B-BBEE explained
Broad-Based Black Economic Empowerment (B-BBEE) is the South African policy framework that awards preference points in government tenders to companies that demonstrate broad-based economic participation. This guide covers what a B-BBEE level means, how it's calculated, and how it affects your bid score.
What is a B-BBEE contributor level?
A B-BBEE level is a rating from 1 (best) to 8, with a ninth "Non-compliant" tier for suppliers who score zero preference points. The level reflects your total score on the B-BBEE scorecard and determines how many preference points a government buyer awards your bid — either the 20 points in an 80/20 tender (for contracts up to R50 million) or the 10 points in a 90/10 tender (for contracts above R50 million).

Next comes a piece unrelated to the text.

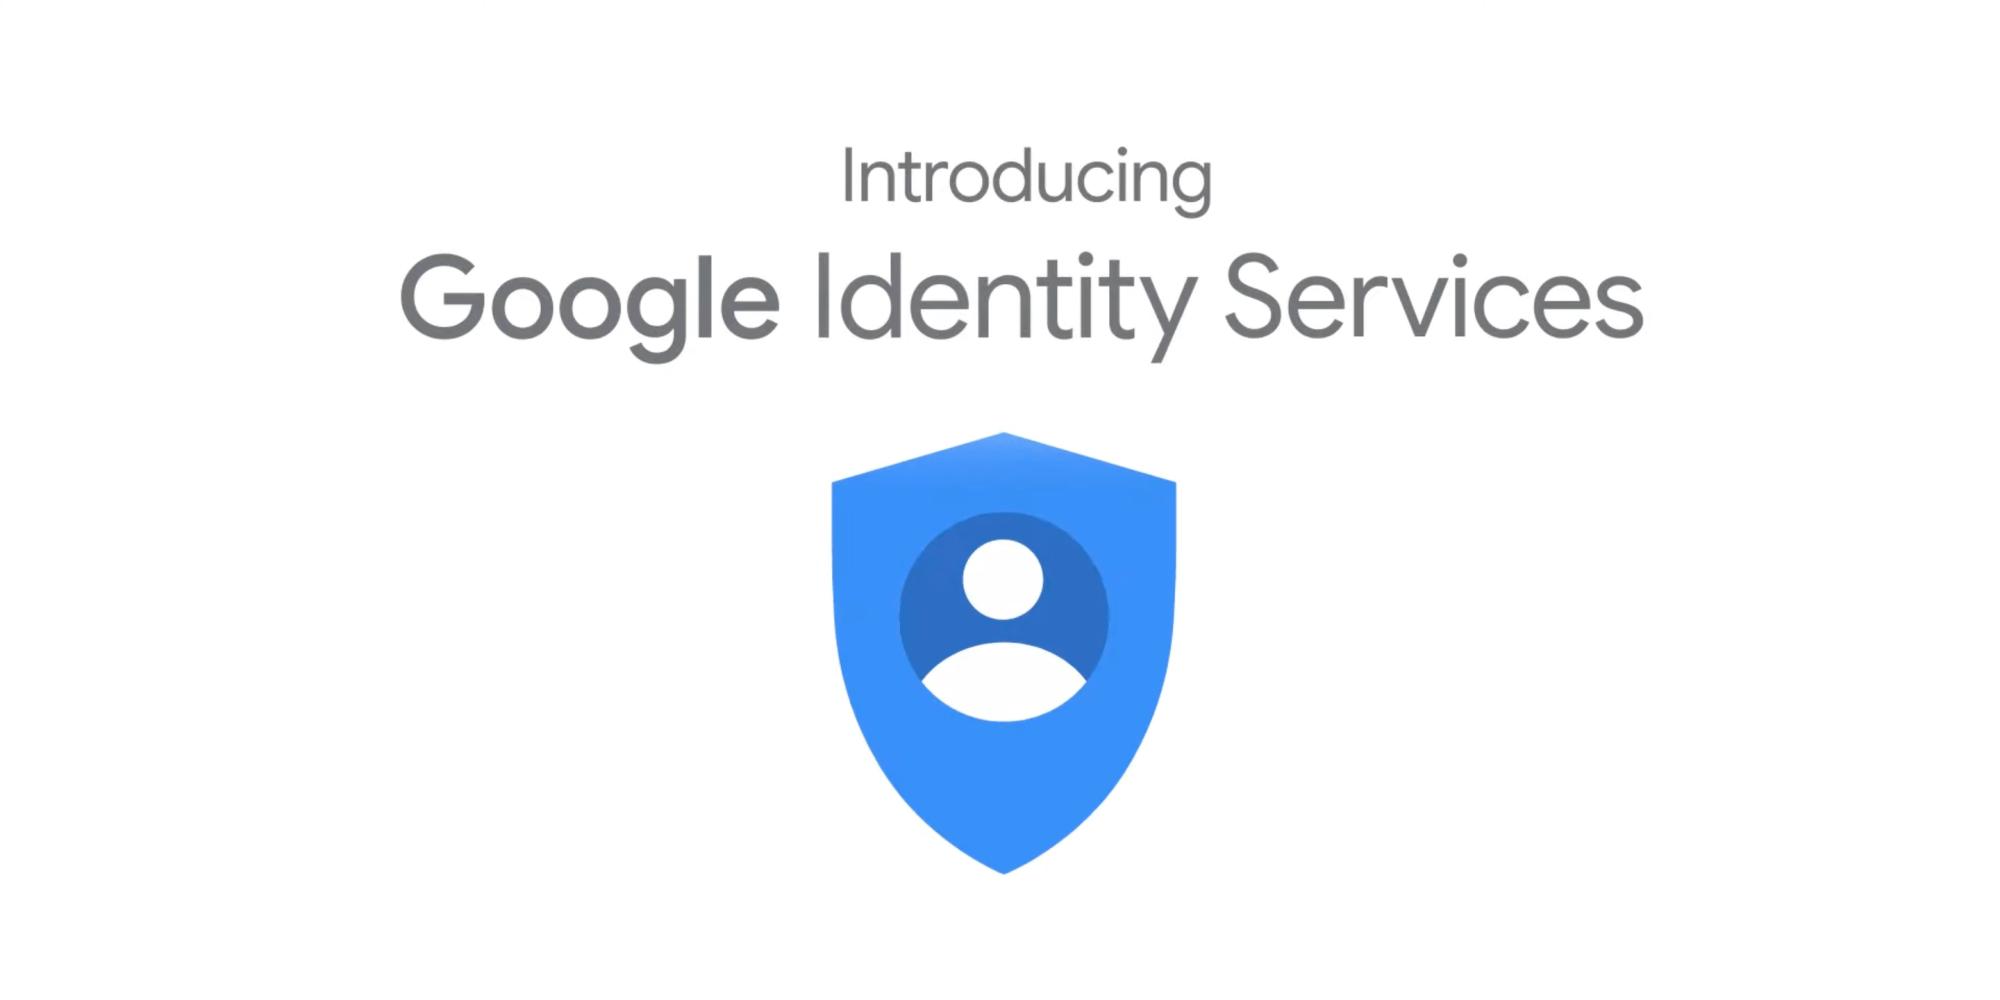 Google Identity Services

Level 1 contributors get the full preference allocation. Level 2 gets slightly less, and so on down the scale. A non-compliant bidder still competes on price (80 or 90 points) but loses the preference differentiator entirely.
The B-BBEE scorecard
The Amended Generic Scorecard has five elements, totalling 120 points including bonuses:
- Ownership (25 points) — black shareholding, voting rights, and economic interest.
- Management Control (19 points) — black representation on the board and in executive positions.

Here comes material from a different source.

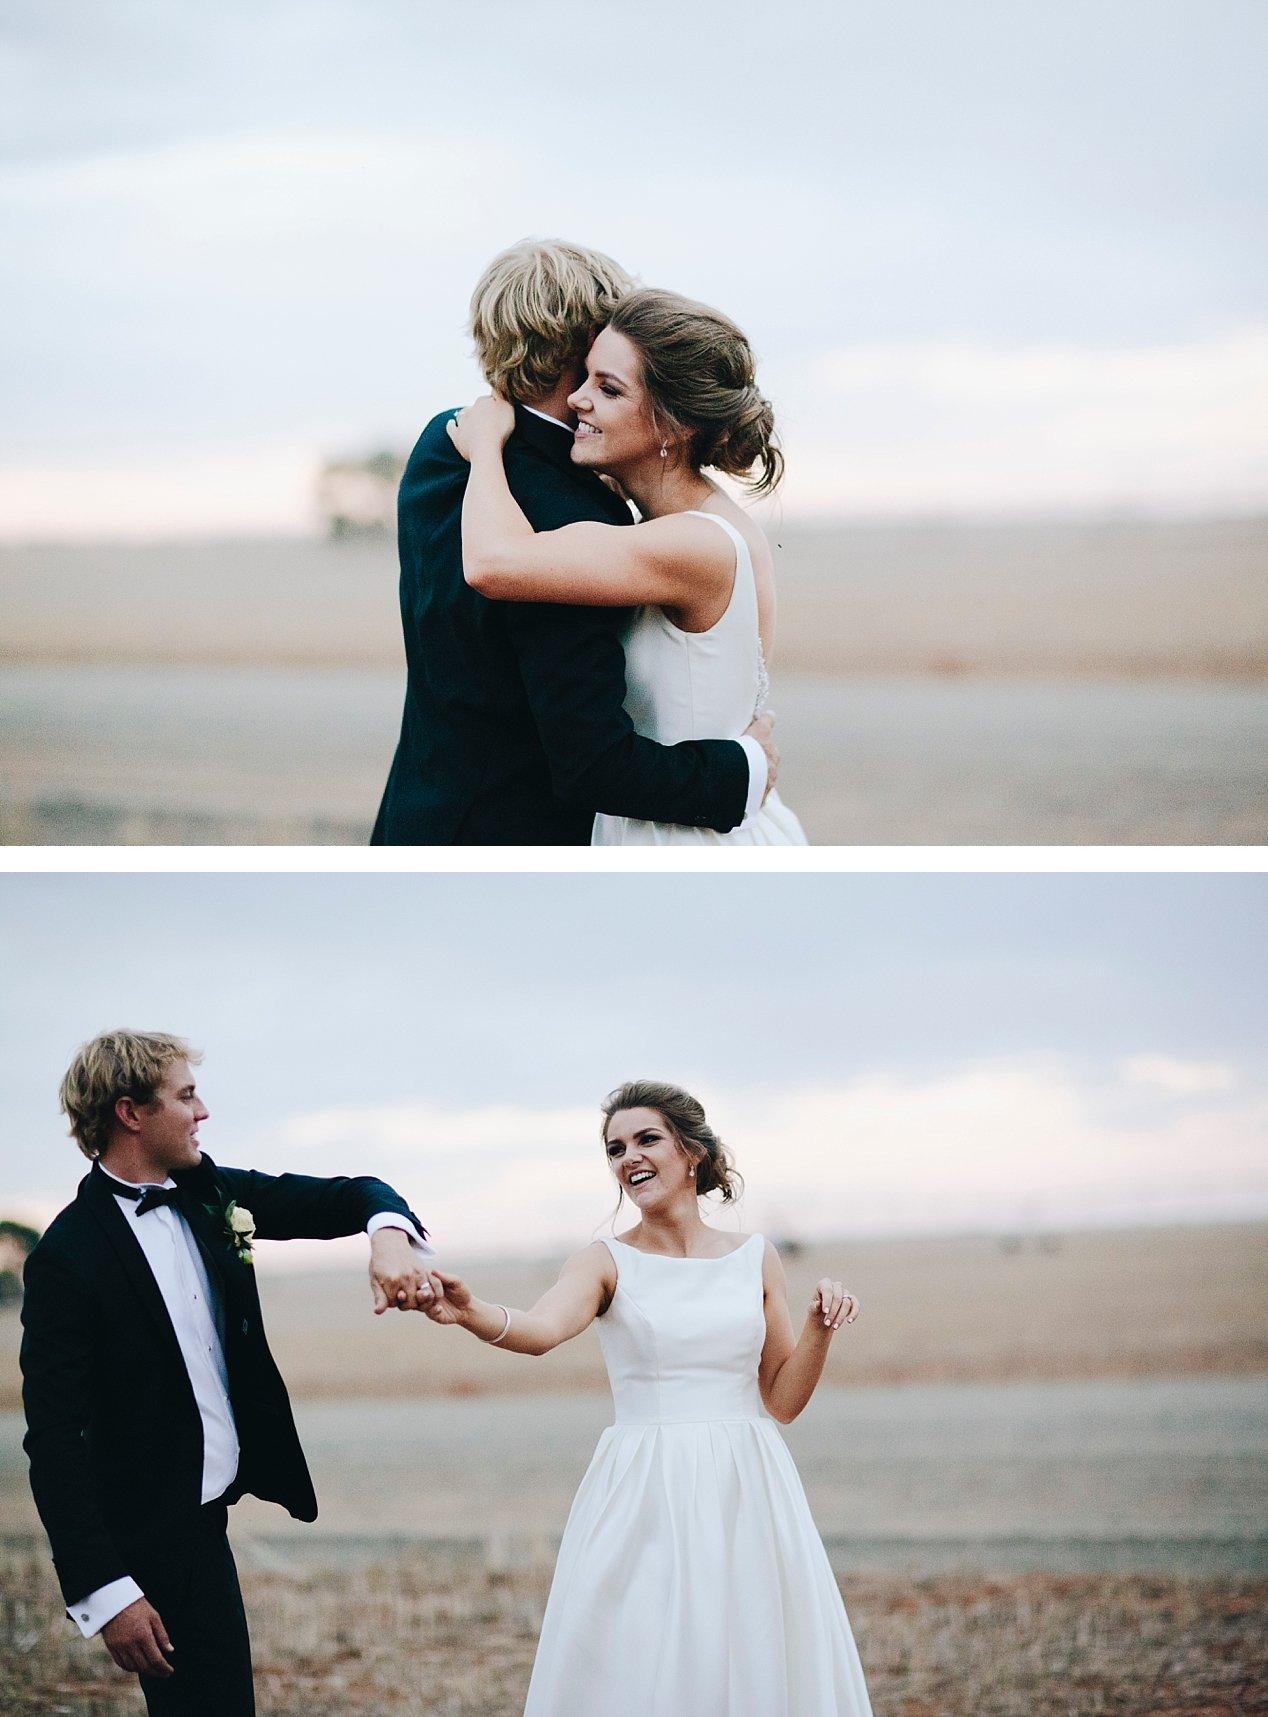 Jerilderie Wedding by Wagga Wagga Wedding Photographer Peppermint Studios_Deniliquin weddings_0087

- Skills Development (25 points) — spend on training, learnerships, and bursaries for black employees.
- Enterprise & Supplier Development (44 points) — procurement from B-BBEE-compliant suppliers, ESD and supplier-development spend.
- Socio-Economic Development (5 points) — community spend on beneficiaries who are at least 75% black.
Three of these — Ownership, Skills Development, and ESD — are priority elements. If you score under 40% on any priority element you are discounted one level (from whatever your scorecard would otherwise earn).
Enterprise size
Your annual turnover determines which scorecard you use:
- EME (Exempt Micro Enterprise) — turnover below R10 million. A sworn affidavit is enough; you automatically qualify at Level 4, Level 2 with 51%+ black ownership, or Level 1 with 100% black ownership.
- QSE (Qualifying Small Enterprise) — turnover R10m–R50m. A sworn affidavit is enough for 51%+ black ownership (auto Level 2) or 100% (auto Level 1). Otherwise complete a simplified QSE scorecard via a SANAS-accredited verification agency.
- Generic — turnover above R50 million. Full Amended Generic Scorecard via a SANAS verification agency is required.
Sector codes
Certain industries use sector-specific codes instead of the Generic Codes, including Construction, Tourism, ICT, Financial Services, Agri-BEE, and the Property Sector. If your tender is in a regulated sector, the tender document will specify which code applies and the scorecard you need to provide.
How many preference points does my level earn?
Under the Preferential Procurement Policy Framework Act (PPPFA) and the 2022 regulations, the allocation of preference points by level is:
- Level 1: 20 points (80/20) / 10 points (90/10)
- Level 2: 18 points / 9 points
- Level 3: 14 points / 6 points
- Level 4: 12 points / 5 points
- Level 5: 8 points / 4 points
- Level 6: 6 points / 3 points
- Level 7: 4 points / 2 points
- Level 8: 2 points / 1 point
- Non-compliant: 0 points
A tender specifies either the 80/20 or 90/10 formula based on the contract value. An organ of state may deviate from these formulas in limited circumstances governed by the regulations and their own SCM policy.
Keeping your certificate current
A B-BBEE certificate is valid for 12 months from issue. Most organs of state will not accept an expired certificate — even a one-day overrun is grounds for disqualification. EMEs and QSEs with majority black ownership can renew via affidavit; other QSEs and all Generic enterprises must re-verify annually.